The CFPB, as you might imagine, feels differently. It argues that the Constitution only requires Congress to authorize appropriations with a statute, and that the Dodd-Frank Act clears that bar. Congress has similarly funded numerous other agencies, including the Federal Reserve Board, the Federal Deposit Insurance Corporation, and the Office of the Comptroller of the Currency. Even Justice Antonin Scalia, patron saint of the conservative legal movement, once said that the constitutionality of appropriations like the Bureau’s “has never seriously been questioned.” Yet the Fifth Circuit concluded that it “must respectfully disagree” with every other court that has heard Republicans make this argument over the years.
This is surprising because federal courts have upheld the constitutionality of this structure at least seven times before. It’s also not surprising because the Fifth Circuit is basically the clown capitol of the conservative legal movement’s circus. If a repeatedly-rejected Republican argument was going to get a foothold anywhere, it would be in the Fifth Circuit.

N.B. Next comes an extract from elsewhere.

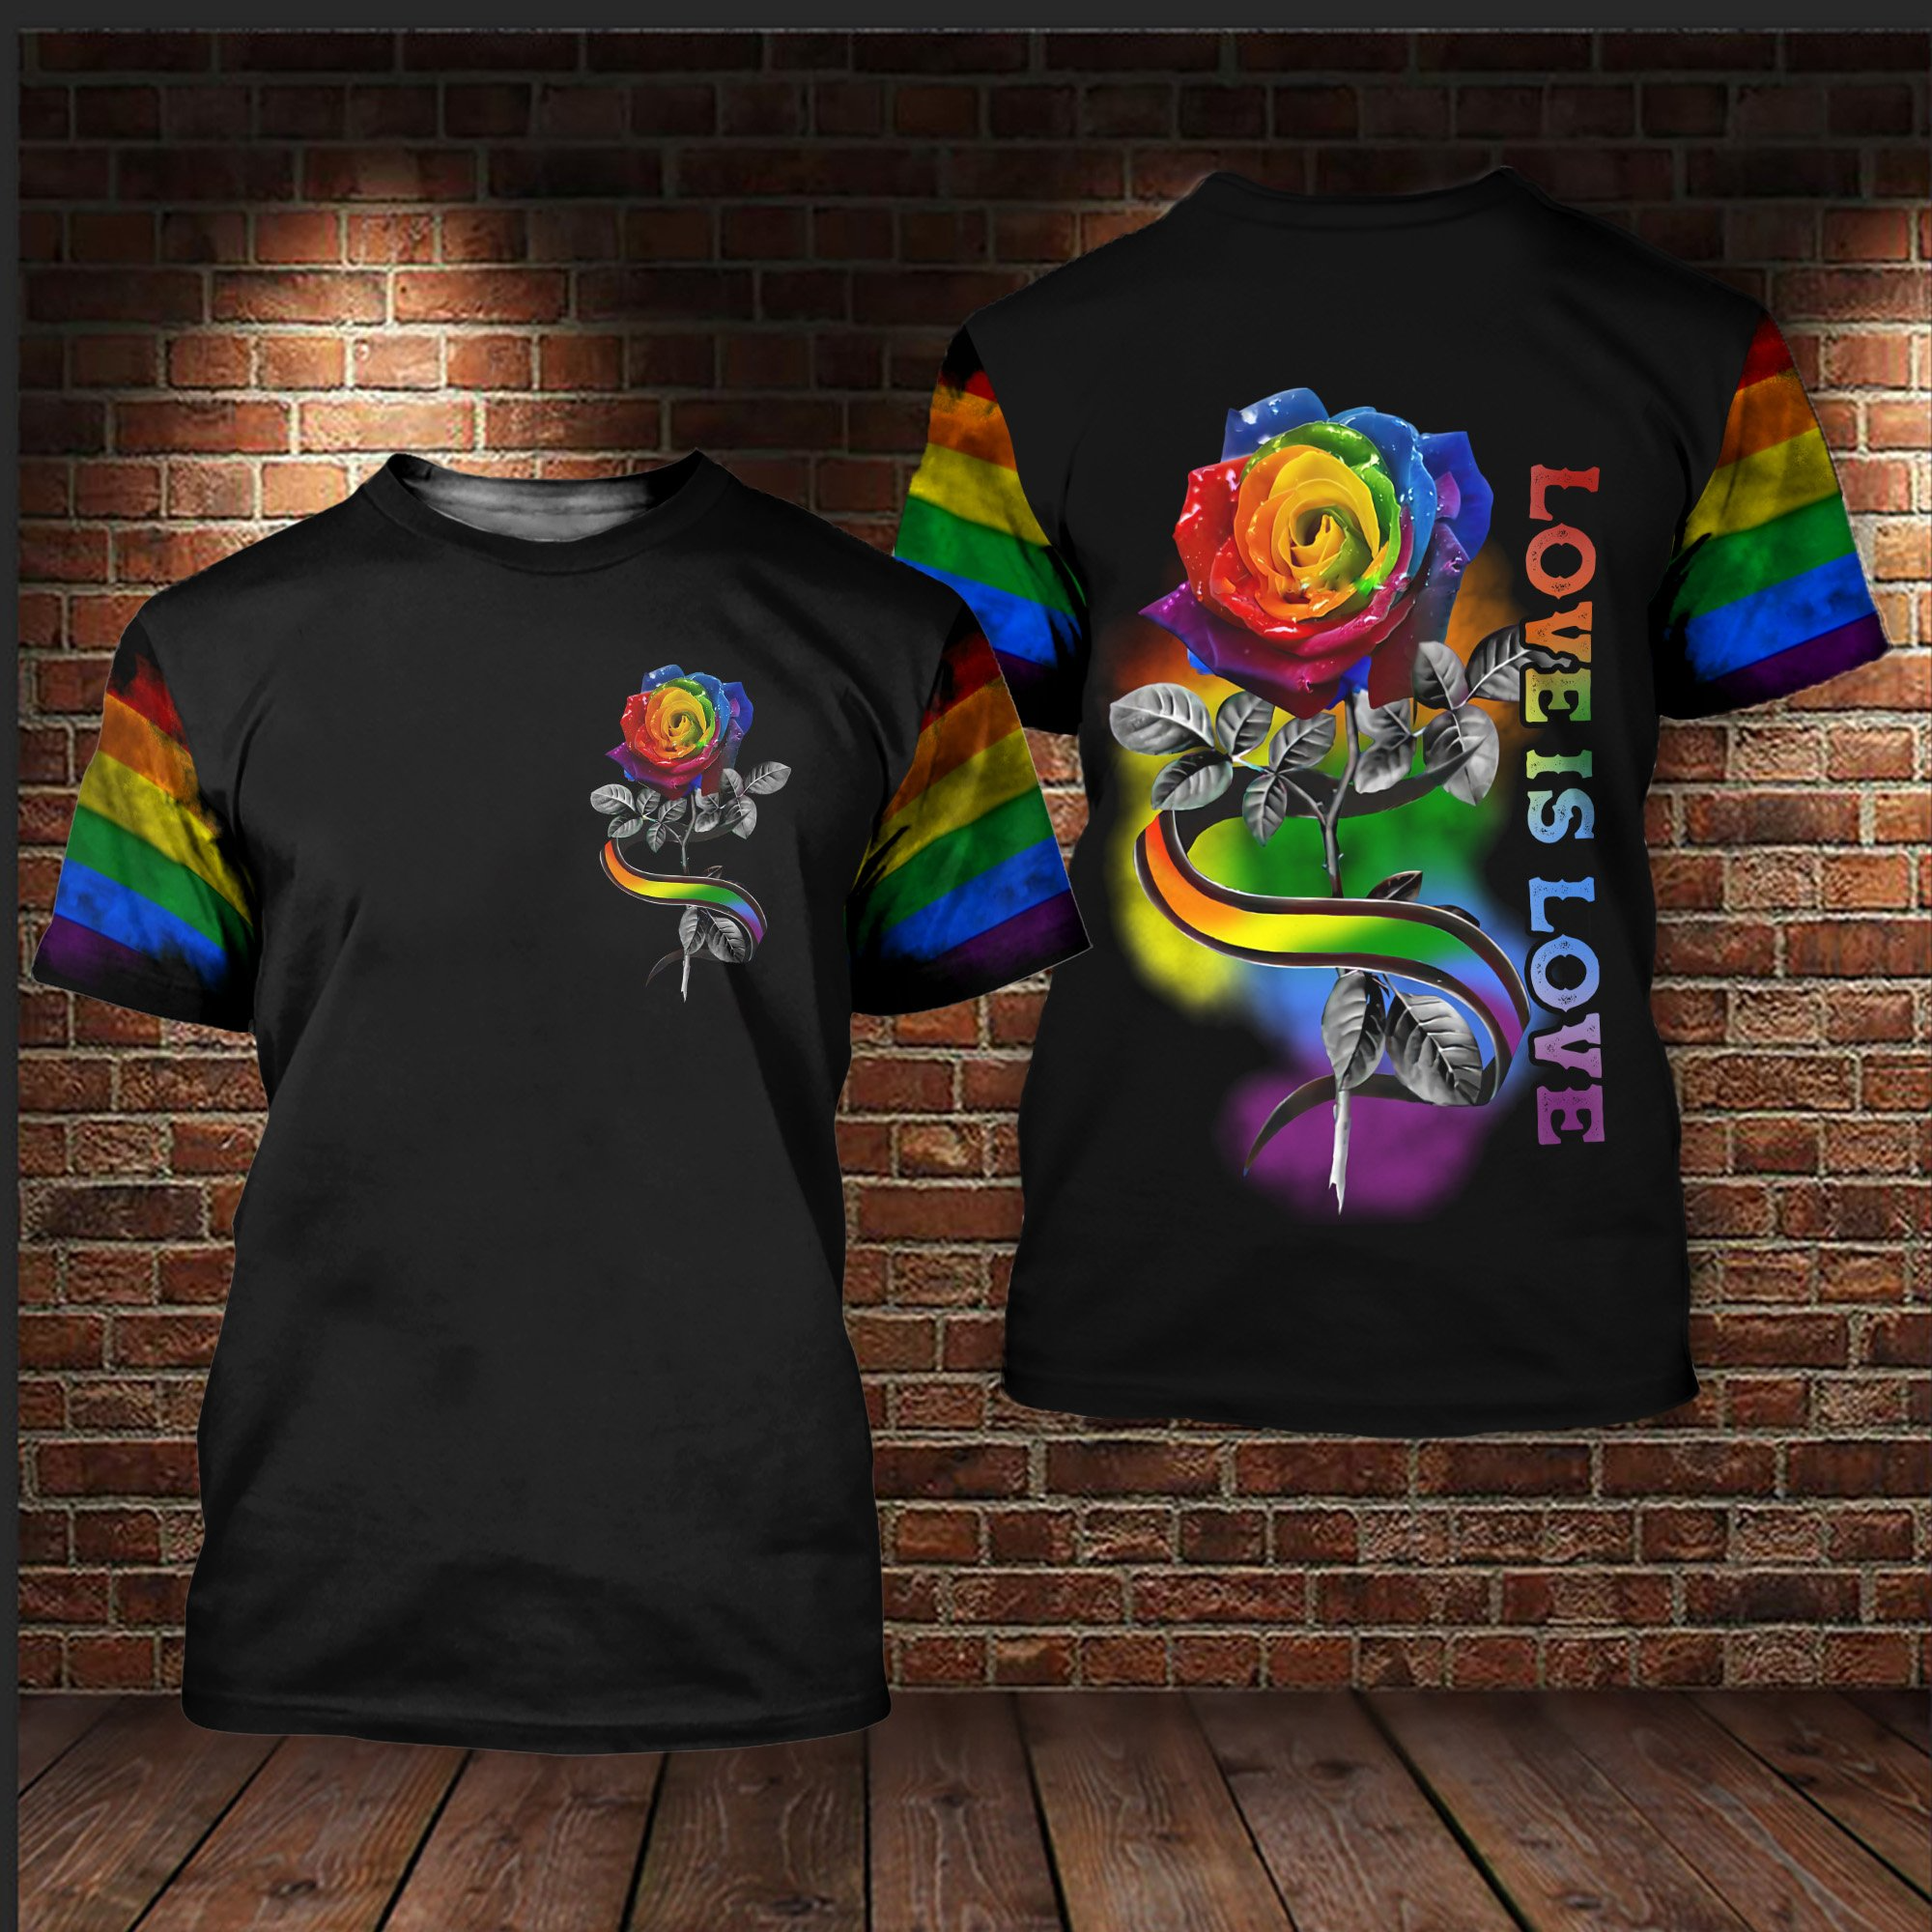 LGBT Rose Love Is Love 3D All Over Printed Shirts For LGBT Community/ Gift For LGBT Pride Month

By invalidating the payday lending rule based on the CFPB’s funding structure, the Fifth Circuit made this case about much more than one rule. Suddenly, all of CFPB’s rules and enforcement actions are vulnerable to invalidation by corporate cronies on the bench, as are, in theory, actions taken by other federal financial regulators funded in the same way. Scholars of financial regulation have sounded the alarm, warning the Court in an amicus brief that effectively defunding the CFPB would cause “regulatory chaos” and “stifle credit markets, destabilize banks, and likely throw the economy into recession.” And it’s not just the CFPB at stake: Since “not one federal bank regulator is funded by standard congressional appropriations,” they write, “the CFPB and its peers—and the consumers and lenders who depend on them—rise and fall together.”
Financial services companies have realized this is an opportunity: Since the lower court’s ruling, defendants in several CFPB enforcement actions have argued that the agency’s rules are invalid and their case should be dismissed. The Bureau has spent over a decade working to build up a fairer economy by reining in lenders who target poor people and people of color, mislead their customers, and keep people trapped in cycles of debt. If the Court were to bless the Fifth Circuit’s harebrained theory here, it could all come tumbling down. Such a result would also expand the authority of the judiciary, enabling judges to destabilize the economy just because they don’t like the particular way Congress authorized an expenditure.
In its briefing, CFSA tells the Court that affirming the Fifth Circuit here would enhance Congress’s oversight of the Bureau and give power to the people by “taking back the purse-strings” from the agency. In reality, the only people this would empower are the lenders exploiting millions of Americans who are just trying to get by.